Pictures aside, write out the data exactly as it reads.

__GIVEN DATA__:
★ ★ ★ ★

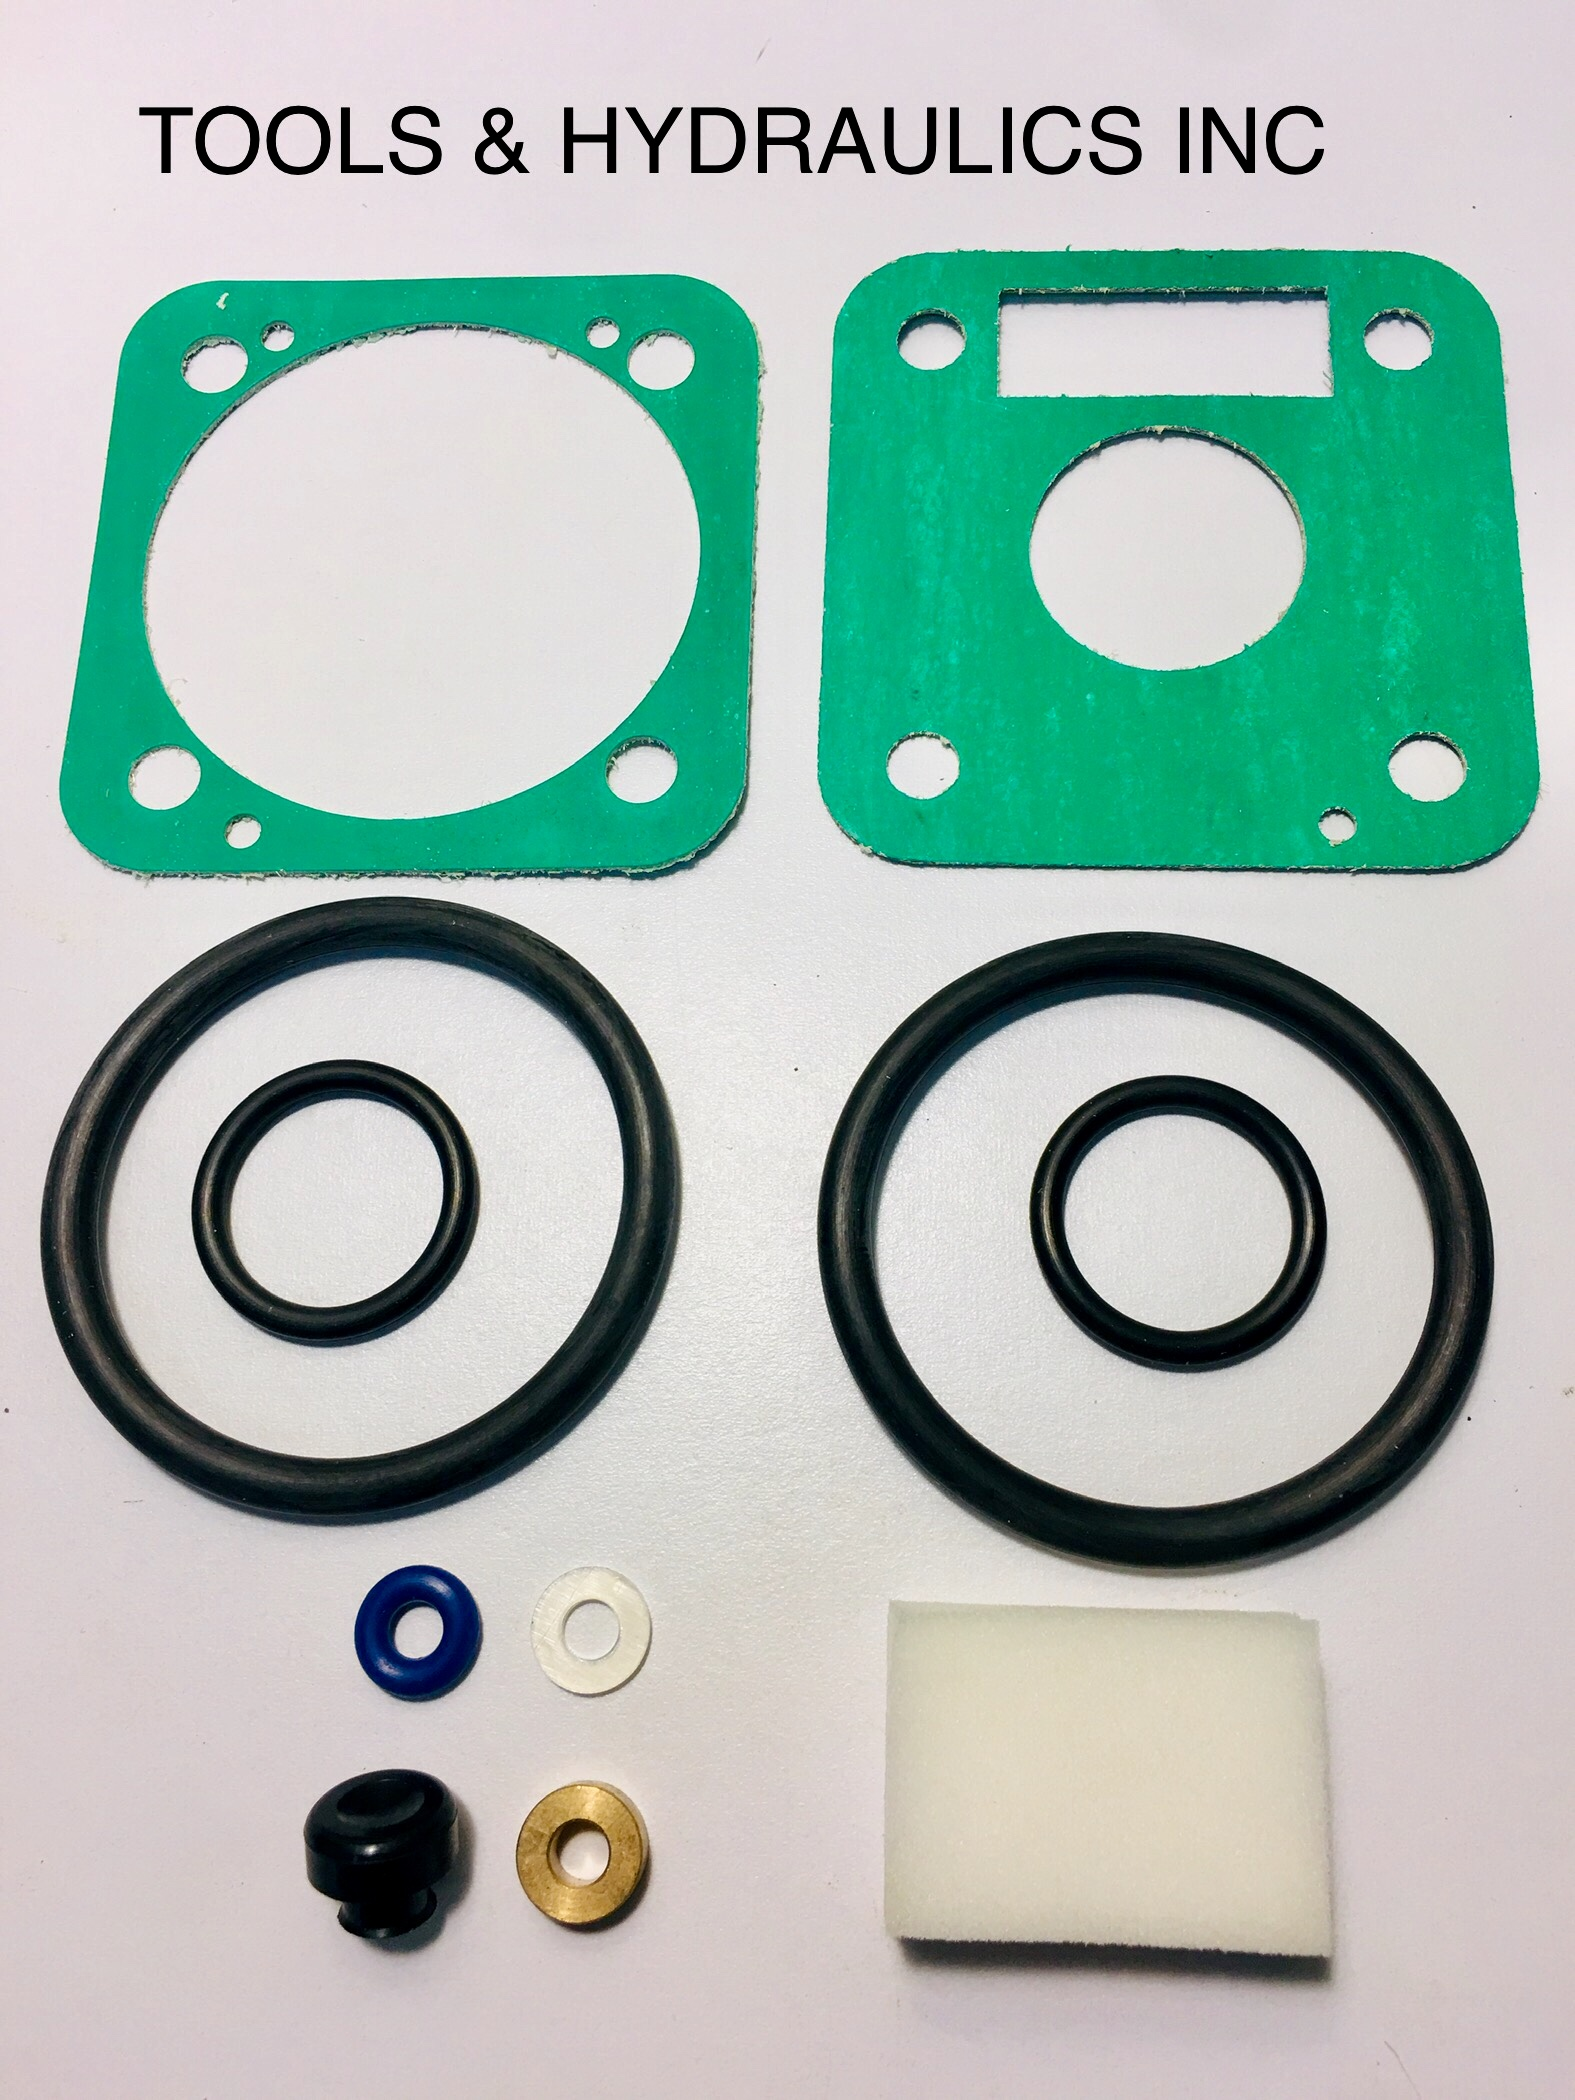 Popular MacTool & MATCO Jack Repair Kits
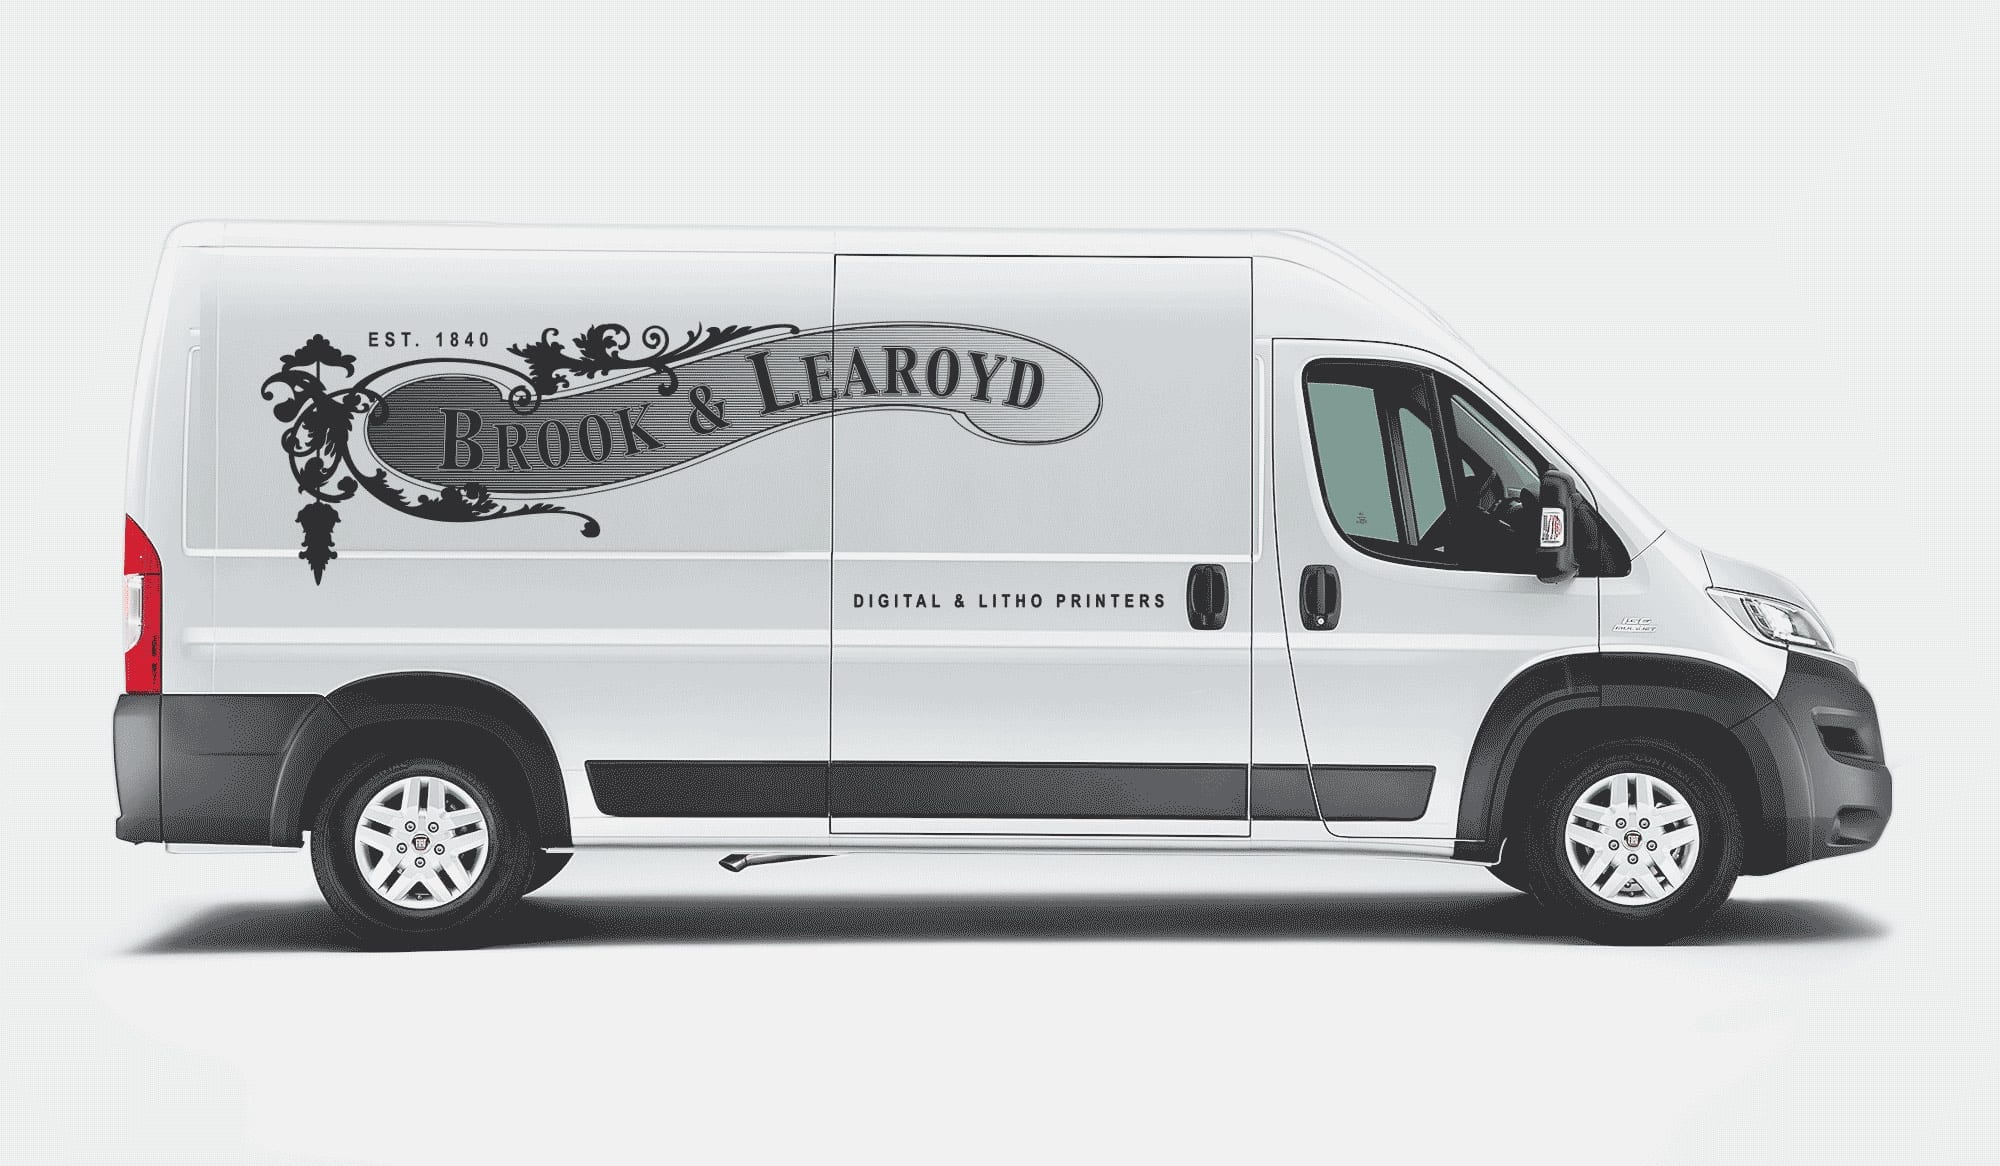 Mike-Garland-Freelance-Graphic-Designer-London-Brook-and-learoyd-Logo-Van-Decal-Side-Brand
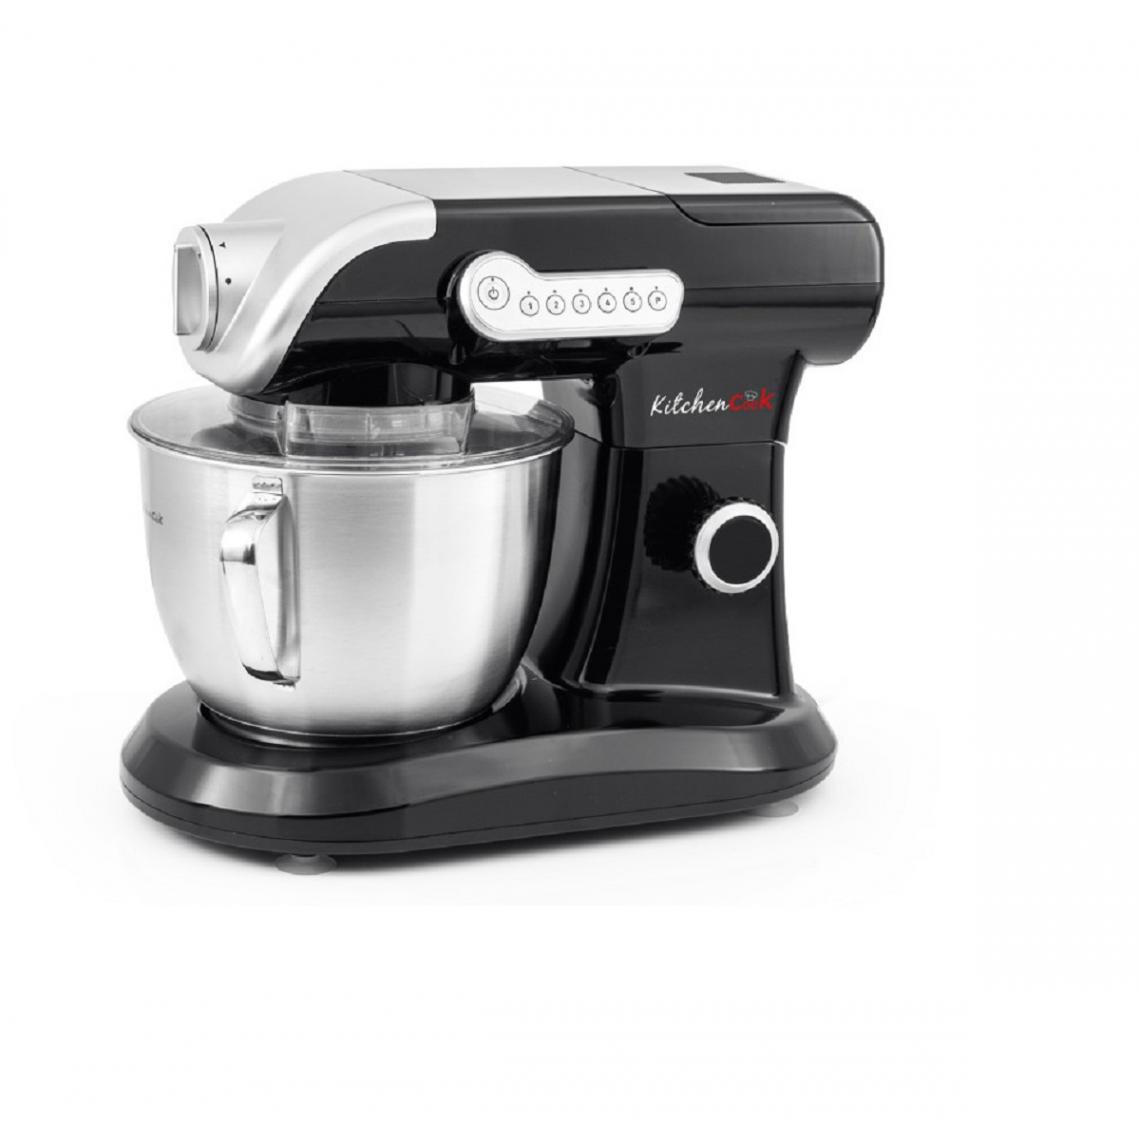 Kitchencook Robot pétrin multifonction Evolution - 1000W - Noir

★ ★ ★ ★

__WRITTEN REPLY__:
 Popular MacTool & MATCO Jack Repair Kits
 Mike-Garland-Freelance-Graphic-Designer-London-Brook-and-learoyd-Logo-Van-Decal-Side-Brand
 Kitchencook Robot pétrin multifonction Evolution - 1000W - Noir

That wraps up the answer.